Contra lo que suele pensarse comúnmente, un escritor no es sólo una persona que escribe. Un escritor es también una persona que publica y por tanto pasa la mitad de su tiempo circulando de editorial en editorial o de agente en agente o de conselleria de Cultura en conselleria de Cultura, suplicando atención y subvenciones. Un escritor es, por tanto, alguien que escribe pero también alguien que vende. Y como un escritor no es un productor de objetos necesarios –no ha cosechado pimientos o manzanas, ni ha fabricado piezas para el motor de un coche ni un nuevo programa de ordenador– acaba vendiéndose a sí mismo.

Quienes no leen o leen poco, han acabado por desarrollar una idea quimérica e idealizada de los escritores y de la literatura. Es lo que ocurre con las actividades prestigiadas por la tradición, pero que están en desuso. No se trata de que los escritores sean todos malas personas, seres mezquinos capaces de cualquier bajeza. Entre los escritores, como entre las demás profesiones, hay de todo. Lo que deberíamos tener presente es que si un escritor es, además, una buena persona, no lo es por dedicarse a escribir, sino a pesar de hacerlo.

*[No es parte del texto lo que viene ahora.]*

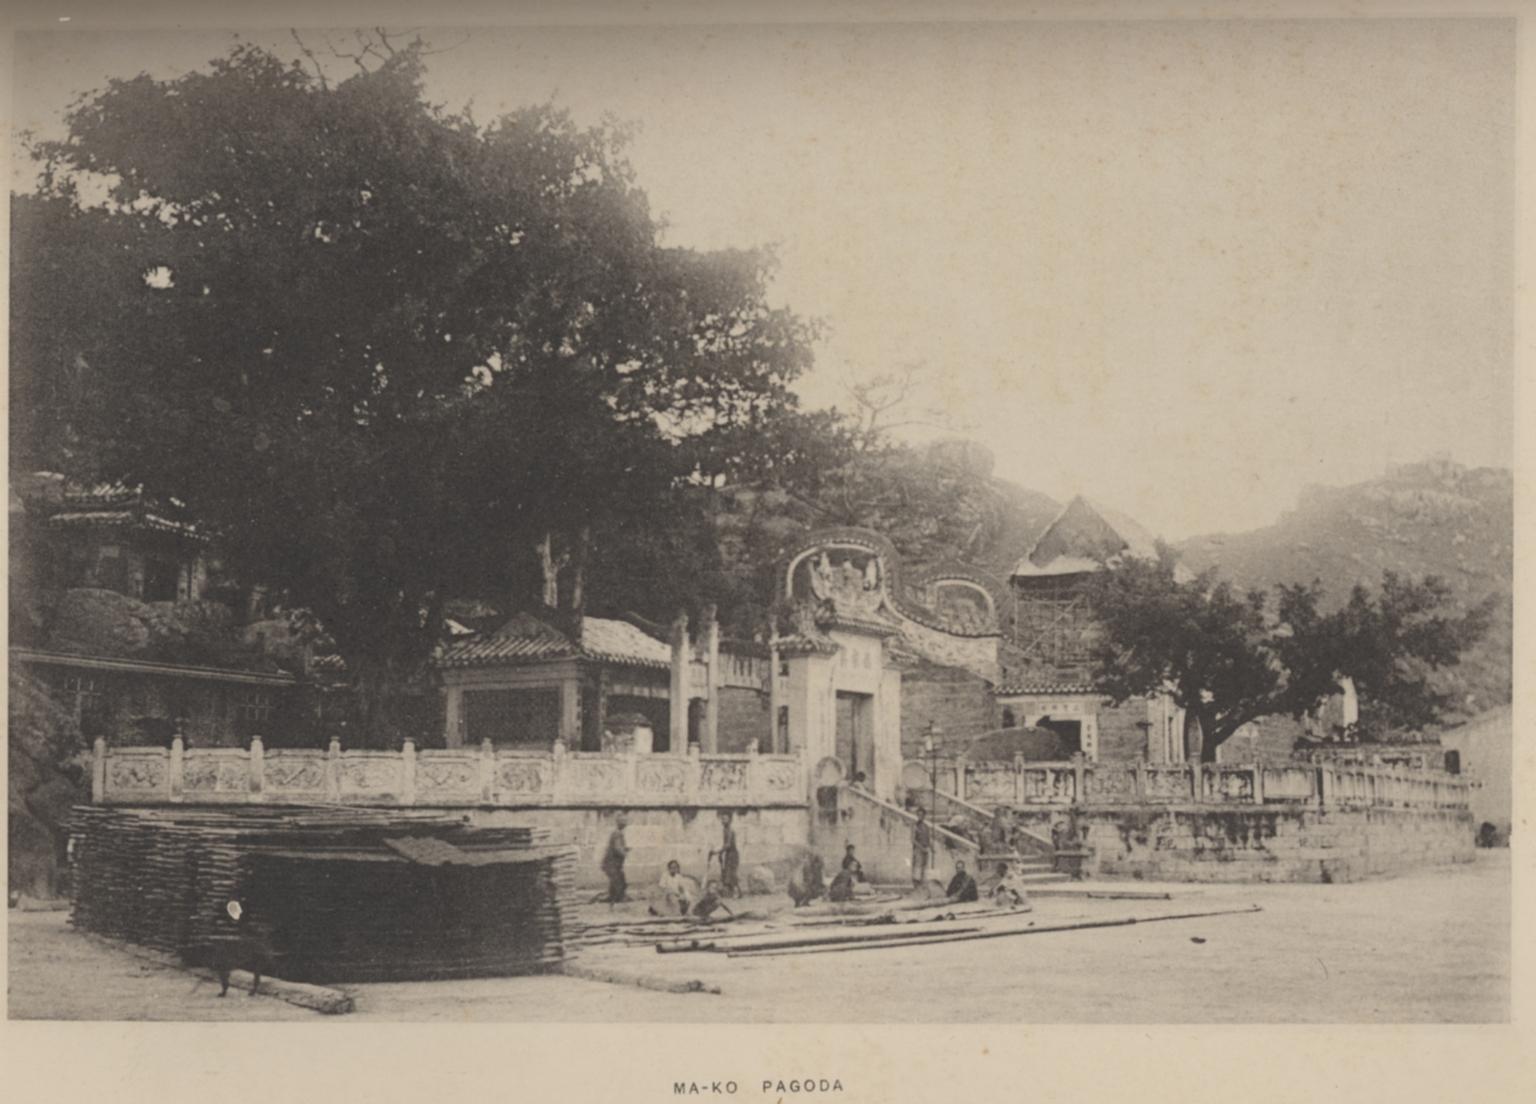 Ma-ko pagoda
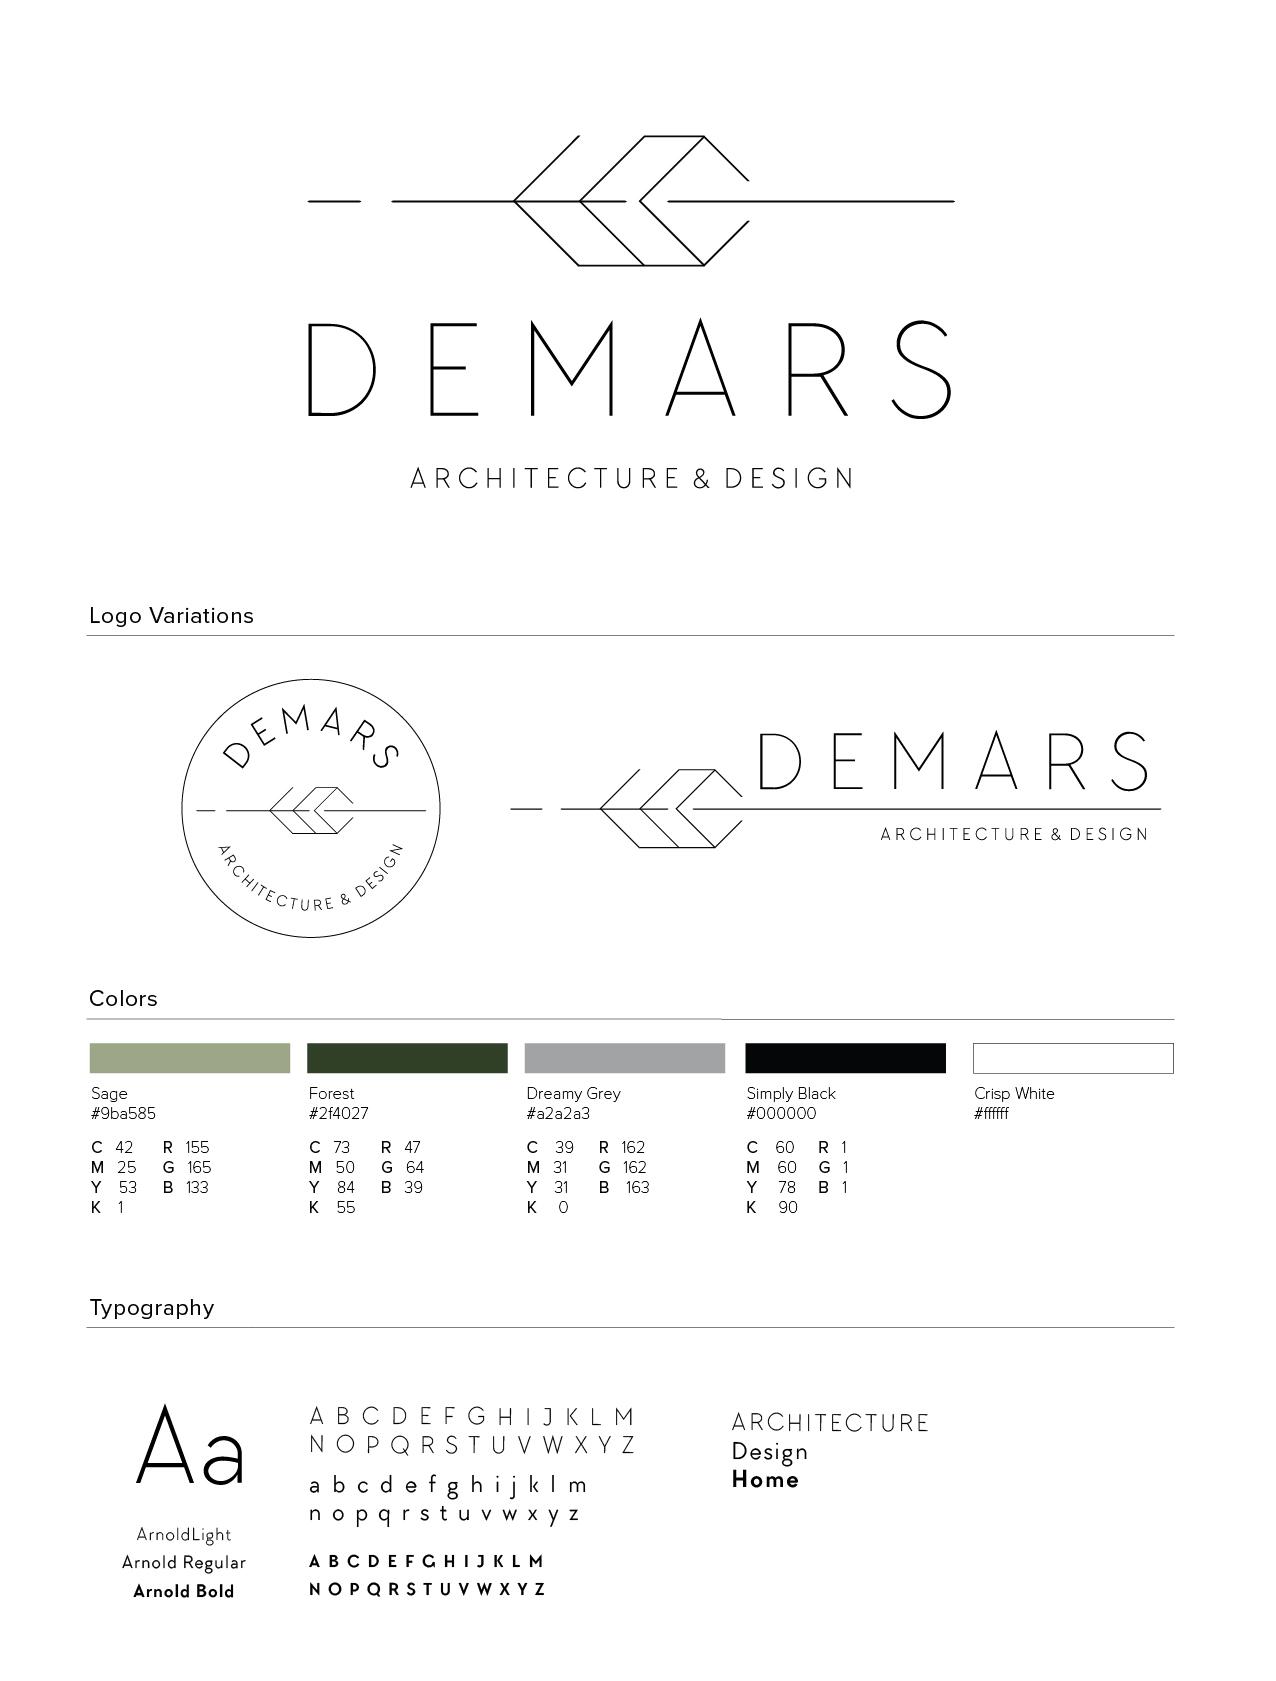 DeMars+Branding+Design

Primero, un escritor escribe completamente solo. Se pasa miles de horas encerrado en sí mismo, sacando de sus propias frustraciones, carencias, desbarajustes y desengaños la materia prima que alimenta lo que escribe. Si una persona tiene una vida interesante, llena de avatares, difícilmente tendrá tiempo para aprender a escribir bien. Así que los mejores escritores serán las personas más aburridas, las que llenan sus horas inventando un mundo paralelo al real porque de alguna manera están incapacitadas para vivir plenamente la realidad. O vives o escribes. Tratar de hacer las dos cosas puede acabar implicando –hay excepciones, como en todo– no hacer ninguna de las dos cosas del todo bien.

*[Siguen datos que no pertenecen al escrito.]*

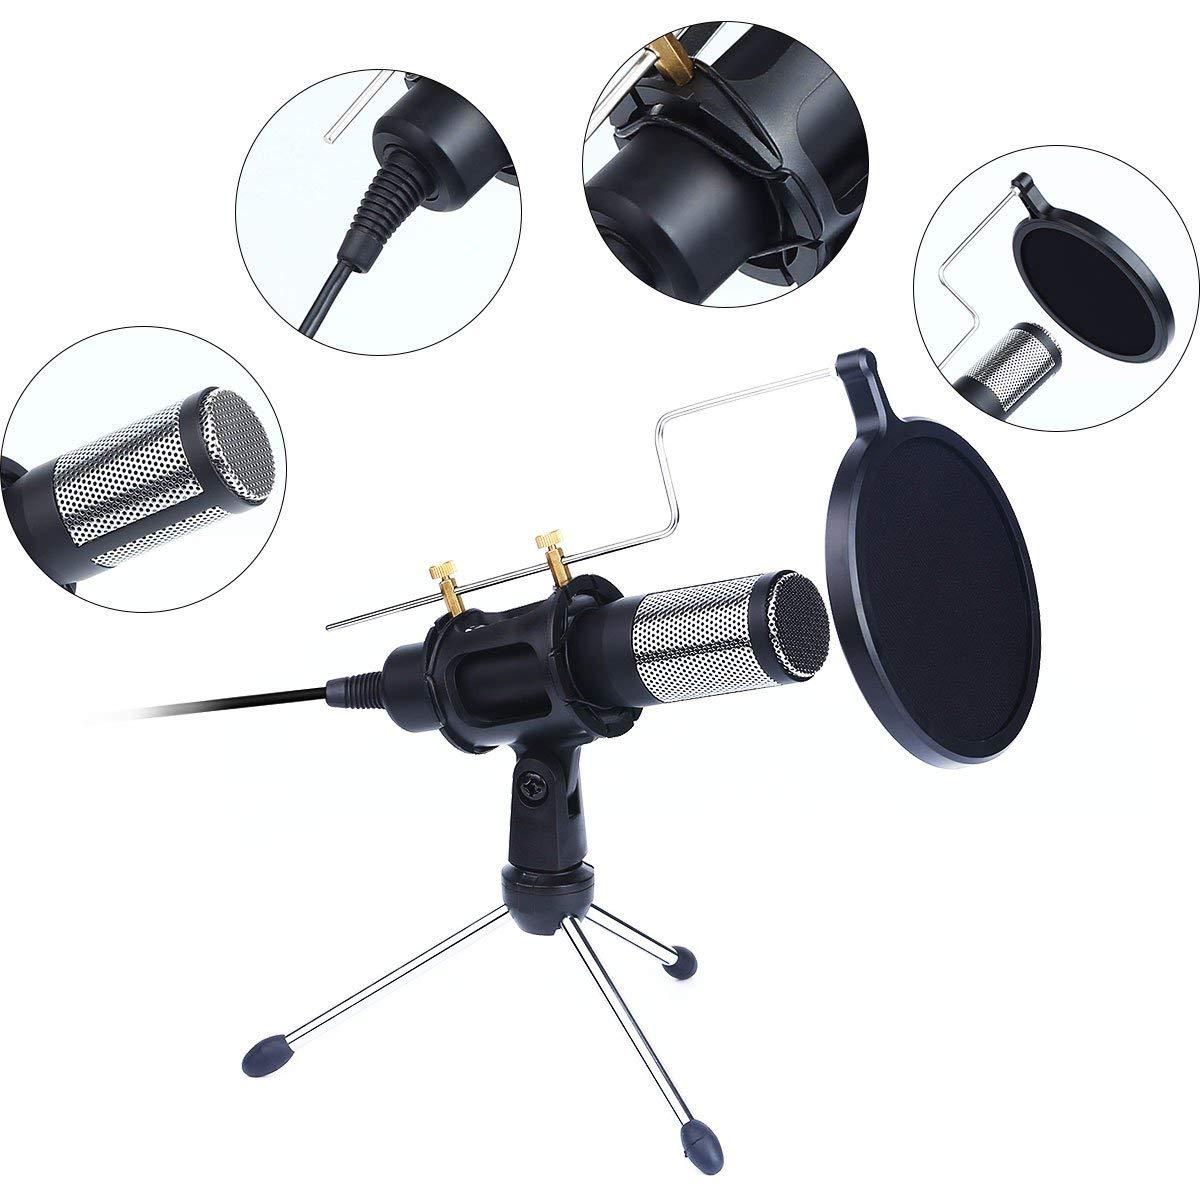 SANRENXING Micrófono USB, de Condensador Profesional Podcast ...

En una segunda fase, el escritor, que ha tenido que aislarse del mundo para crear un lenguaje propio, una vez que tiene su obra acabada en las manos se ve obligado, de repente, a convertirse en un animal social que persigue editores y subvenciones, que presenta su libro en actos públicos en los que se le exige que sea ocurrente y entretenido, que es entrevistado por radios, diarios y, si tiene suerte, incluso por alguna televisión. Es en esta segunda fase cuando el escritor se convierte en un vendedor de sí mismo, pues lo que vende, su libro, no es más que una cosecha recolectada directamente en su personalidad y en su sentimentalidad, en ese territorio que los románticos hubiesen llamado su alma. Si tiene suerte, vende, es reseñado en los suplementos de cultura y se siente más o menos reconocido, es fácil que se vuelva un vanidoso. Si fracasa, no es imposible que acabe siendo un resentido. El escritor no está inmunizado ante las taras generales del ser humano. En cualquier caso, de esa "alma" retocada por la soberbia o la frustración surgirán sus libros futuros. No tiene sentido idealizar el oficio de la escritura. El escritor no es un modelo moral: sus libros no nos hacen mejores ni peores. El escritor, en el mejor de los casos, es un espejo que refleja nuestra grandeza y nuestras miserias.